Мы сидим за столом, и на клеенчатой скатерке – полевые цветки, а на них чашки глубокие, деревенские, с капустой квашеной, с тугими солеными помидорами, с картошкой уральской особого, сытного вкуса, с розовым – посередине пласта – салом, с белотелыми, вальяжными грибами. Почему, откуда такое простодушие, нежность, доброта, искренняя радость незнакомому, ни разу не виданному ими человеку? Неужели одной распахнутости сердца довольно? Урал, Урал, затерянный мир!

– А Валентин тоже на гармошке здорово играл, сначала на двухрядке, а потом ему хромку купили. А девчата за ним бегали… Он сразу какой-то был… Ну, не умею объяснить!

– Красивый, что ли? – прихожу я на выручку.

– Че хороший, то хороший, – охотно соглашается Маруся.

С веранды несут «альбом» – заведенные в рамку под стекло фотокарточки. «Смотри!» – гордится братом Маруся. Я ахаю – Ромео! Юношеская, возвышенная, совершенная чистота линий, неотразимая, роковая красота! Молодой бог любви.

– Сюда гляди, – призывает меня Маруся, – тыча пальцем в желтую, расплывшуюся во времени фотографию, на которой застыли разноростые мальчишки, одетые по-зимнему. – Вот из всех только два в люди вышли, остальные пропали. Наш Валентин, да Колька, по-уличному «Шакал». Прокурором в Оренбурге работает.
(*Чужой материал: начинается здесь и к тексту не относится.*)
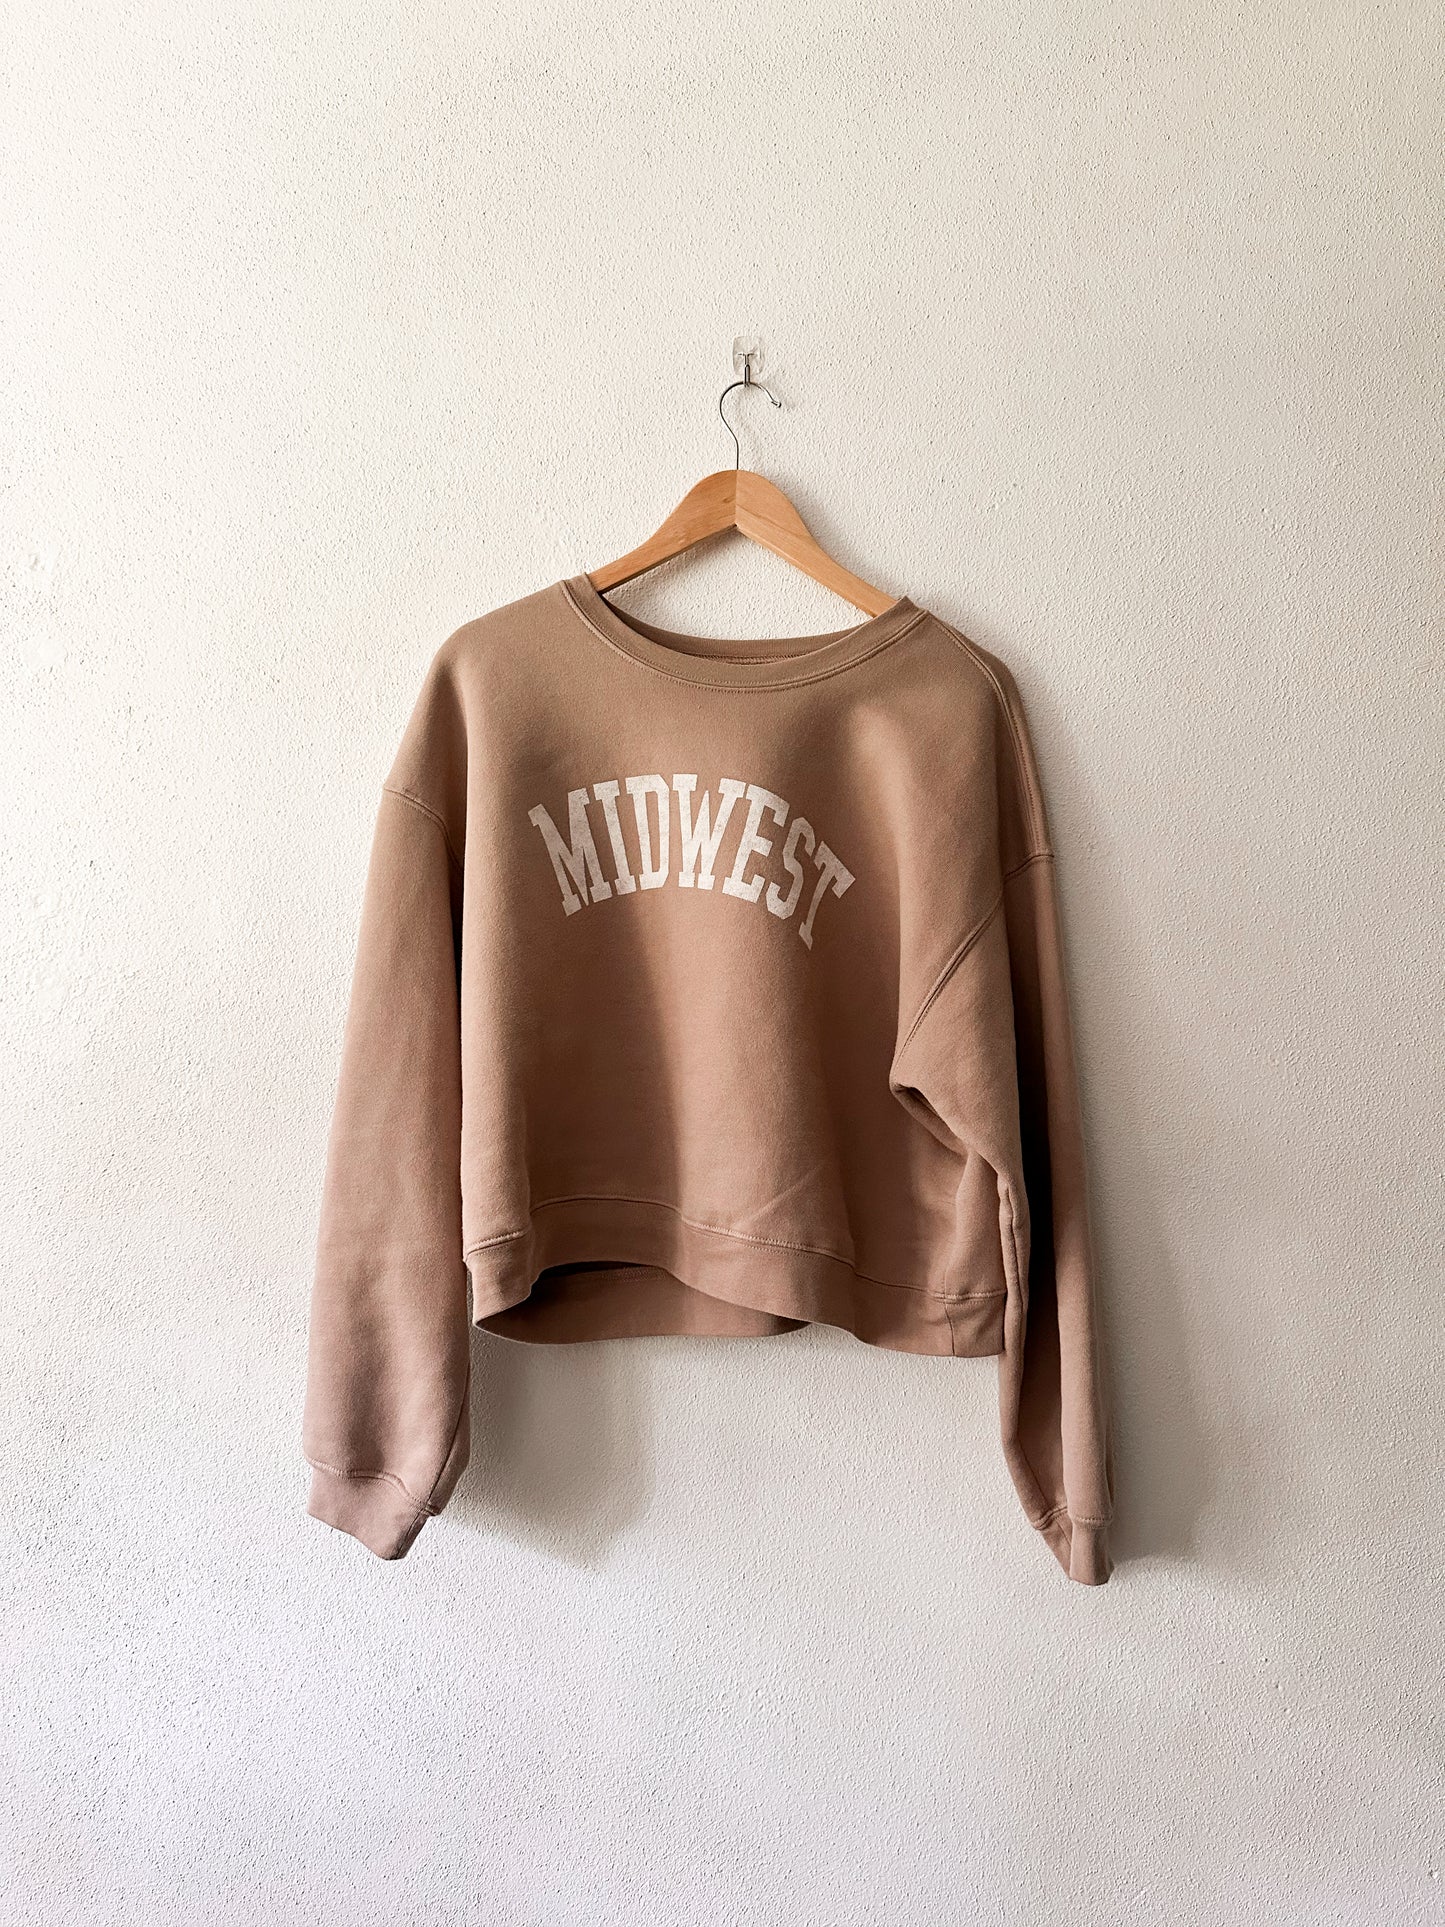 "MIDWEST" Mid-length Graphic Sweatshirt

– А вашего брата как на улице звали?

– У нас в деревне кто жил, все хотели дождаться, посмотреть, кем он станет. Дедушка так и говорил папе: «Береги его, это великий человек будет!» Валентин сразу, с детства, от всех отличался. А на улице его звали – «Вышибала»; думали: вот выбьется, так выбьется… А ещё – «Валет», бык Валет у нас был, мощный. На велосипеде, на лыжах и на коне Валентин всегда был первым – никто не мог его догнать. А ещё он лучше всех играл на гармошке… И сейчас, если Валентин в Зилаир приезжает, и старый и малый бегут его смотреть. Нашу семью все в деревне уважали. А его-то тем более… А вот скажи, – обращается ко мне Маруся, – как в Москве к нему относются? Ты не видала, не знаешь?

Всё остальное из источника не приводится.